Methods: Twenty formerly homeless individuals with mental illness and histories of criminal justice involvement were interviewed approximately two years after enrolling in an ATI initiative. Participants were receiving permanent independent housing and comprehensive supports built on harm reduction principles through a Housing First program. Participants completed semi-structured qualitative interviews that were digitally recorded and transcribed. Questions covered their life history, experiences with the criminal justice system, and experience with the program. Using a modified grounded theory approach, data analysis included 1) developing initial codes (open coding), 2) validating & using the codes (i.e., coding all transcripts) and 3) clustering and interpreting the codes, coded excerpts, and developing broader themes.
Results: Participants largely viewed the ATI initiative as a structure by whose rules and regulations they had to abide. However, they also recognized and were grateful that even within the ATI system, the courts would give them second chances. Participants identified Housing First program components including permanent housing; non-judgmental, person-oriented and time-unlimited services; consumer choice; flexible limits, harm reduction, and second chances as critical to their success in the program. Participants also distinguished court requirements from the program's requirements. Participants reported an improved quality of life, a better outlook, positive internal shifts (e.g., becoming more trusting, confident), and having new goals (e.g., finding a job, restoring family connections) as a result of program participation.
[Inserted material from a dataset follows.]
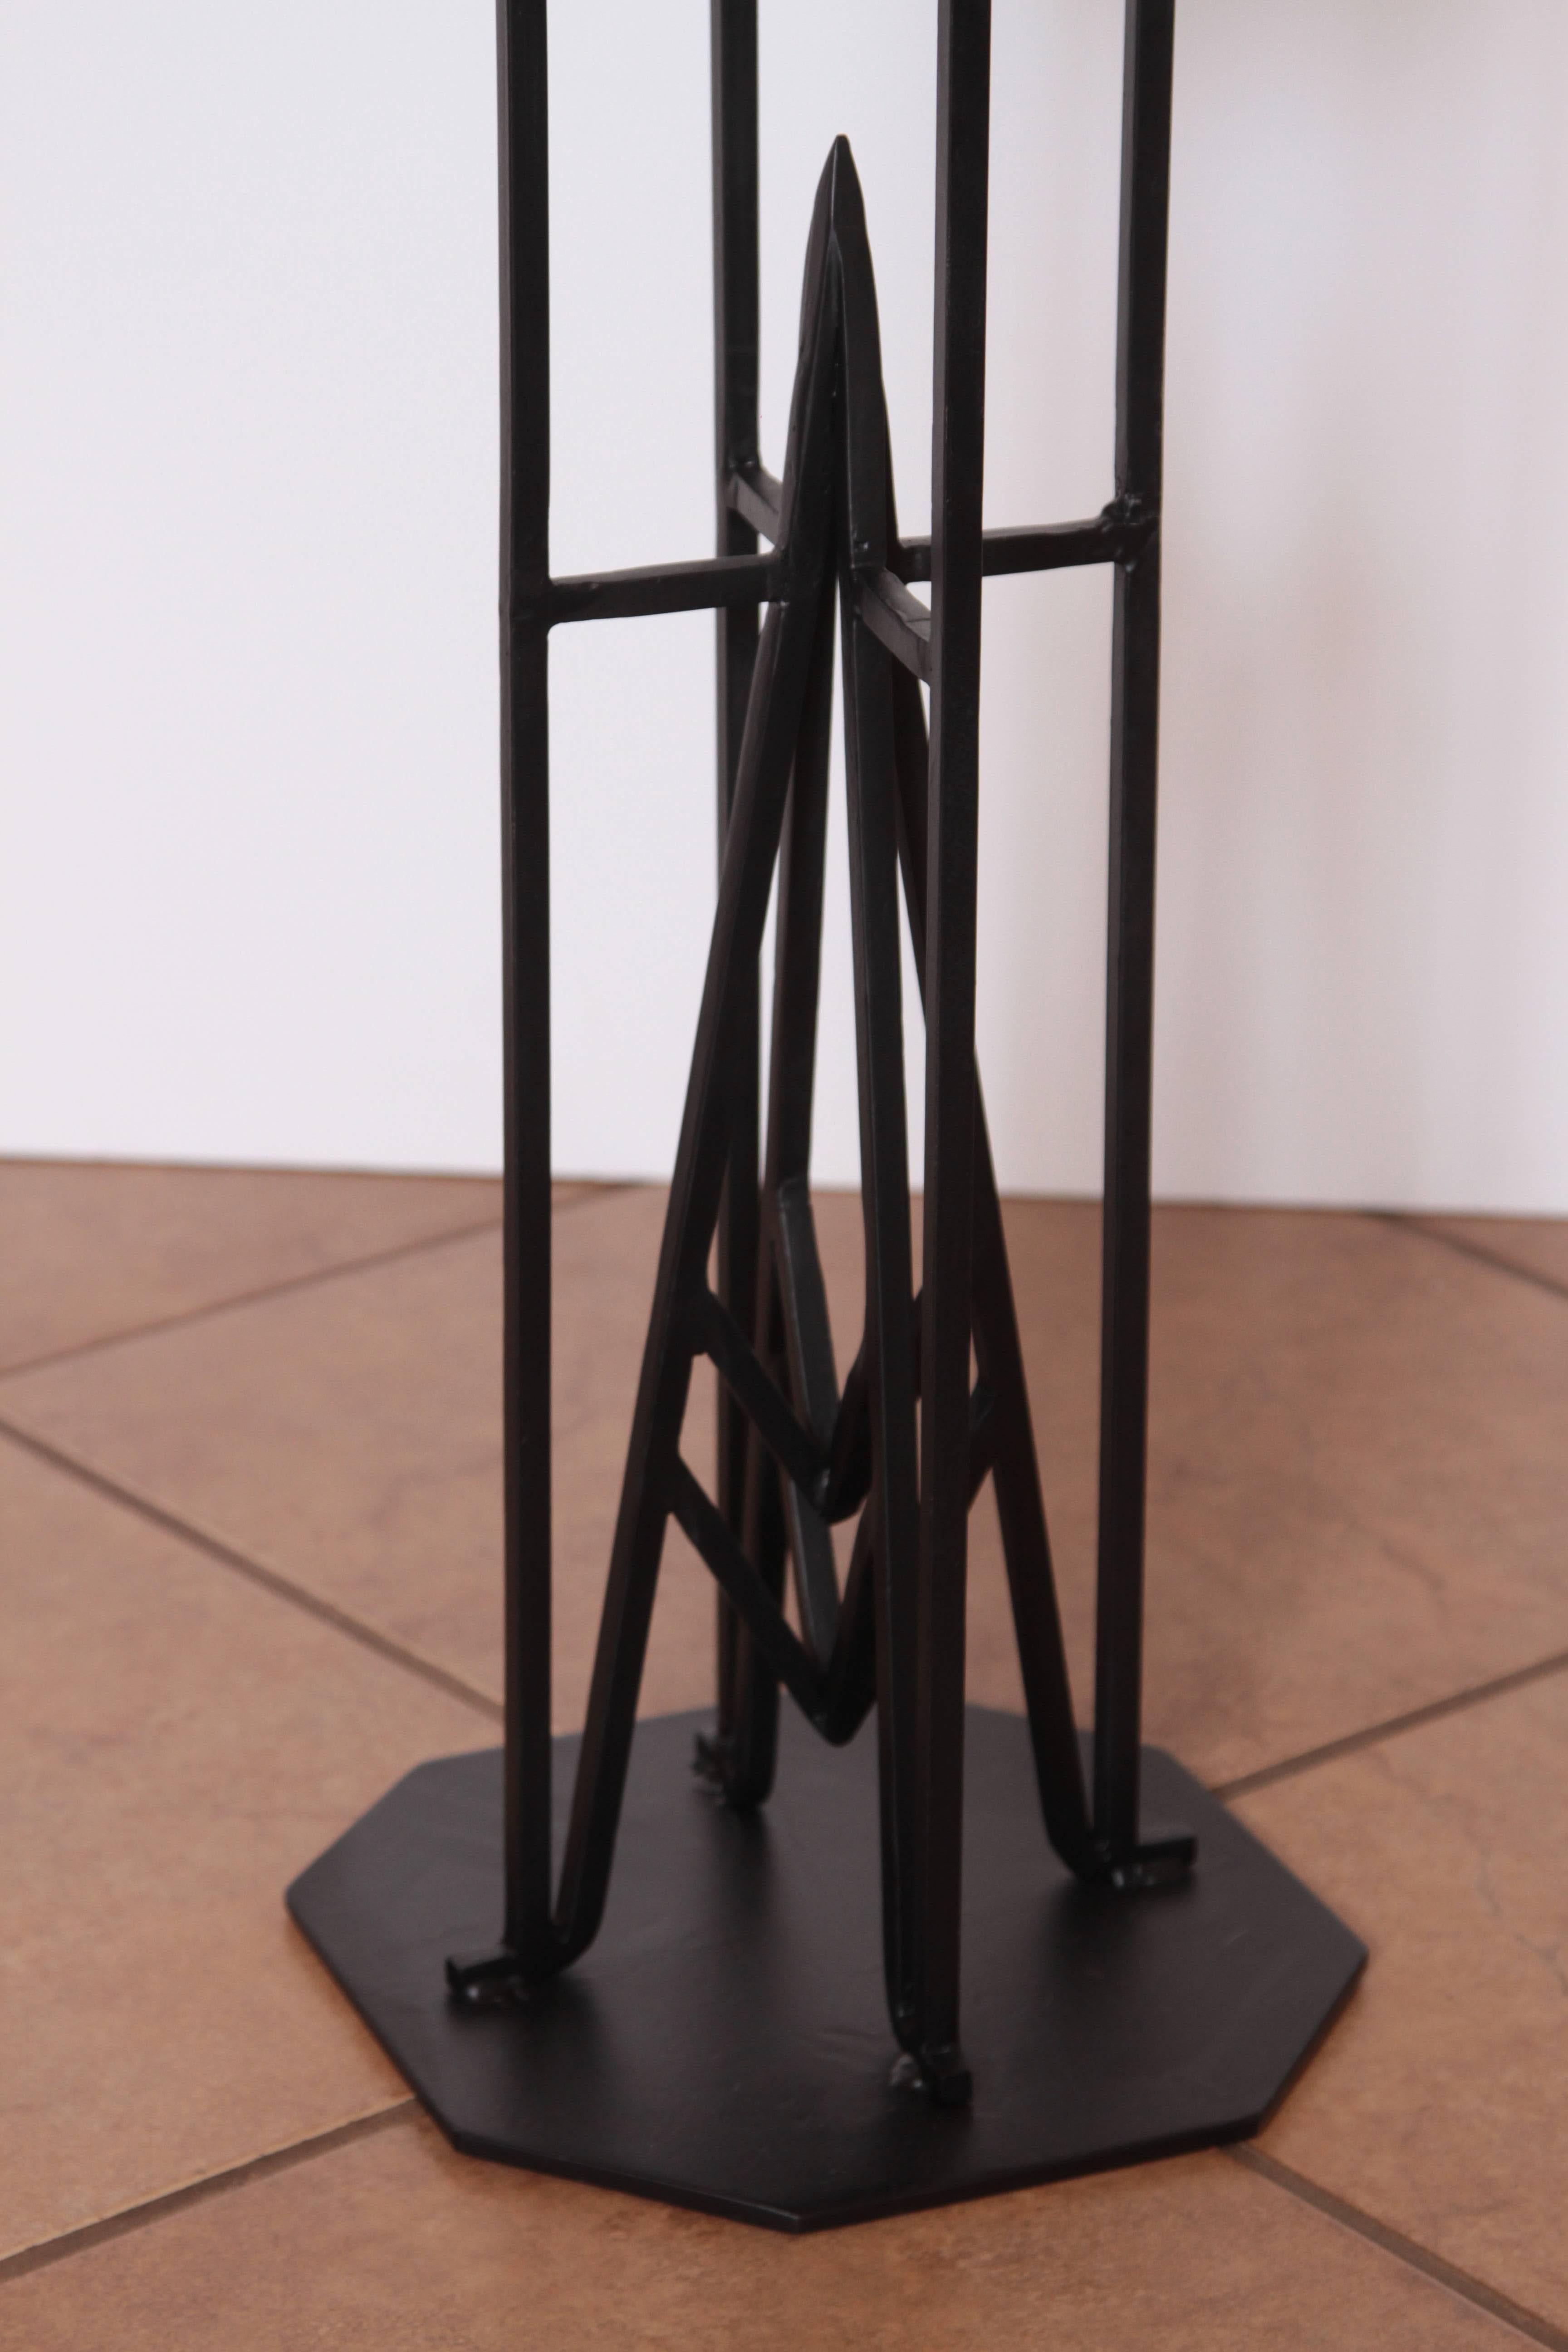 Hand-Crafted Art Deco McArthur / Wright Arizona Biltmore Wrought Iron Plant or Smoking Stand
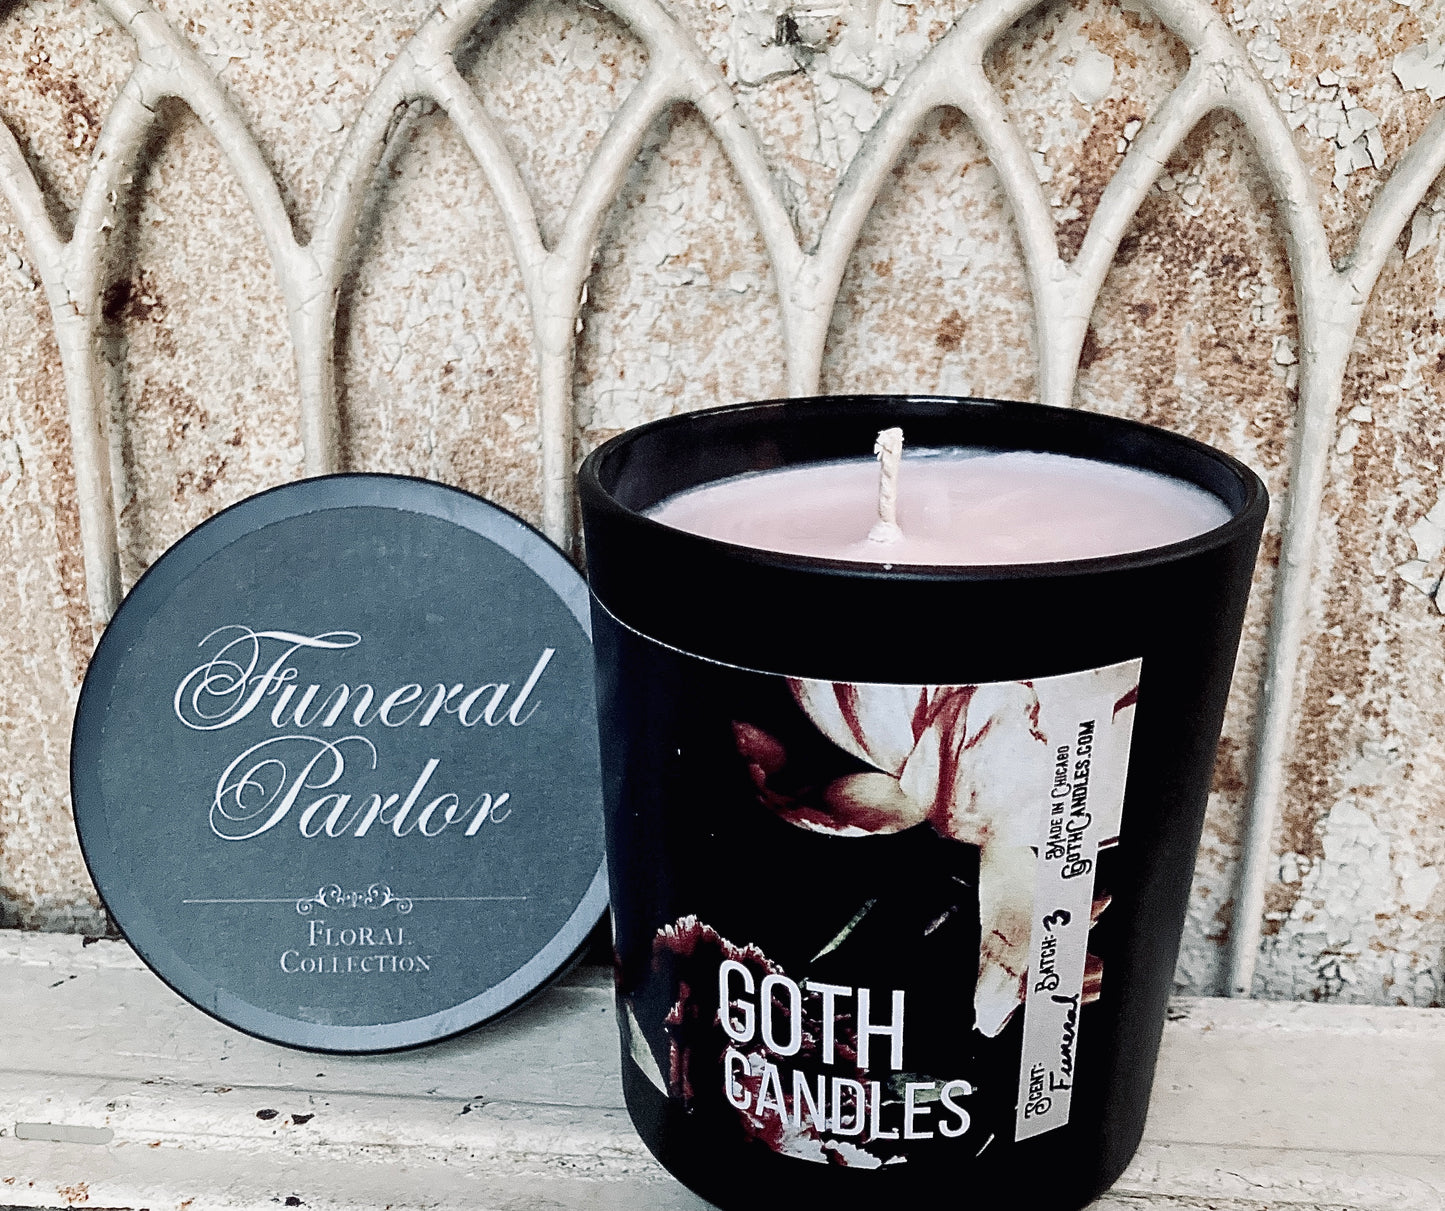 Fresh Rose Scent | FUNERAL | Funeral Parlor Collection | Goth Candles | Soy Wax 10oz Vessel

Conclusions & Implications: This presentation identifies practices that can make the combination of Housing First, a model based on consumer choice, flexible services, and harm reduction, work within the constraints imposed by ATI programs that involve treatment mandates, monitoring, and reporting requirements. Unlike most ATI programs, Housing First was not as closely equated with the criminal justice system and was perceived as honoring consumer choice. Key program features address both personal risk factors and typical treatment system risk factors, resulting in improved outcomes two years post-enrollment and suggesting that Housing First is a viable ATI strategy.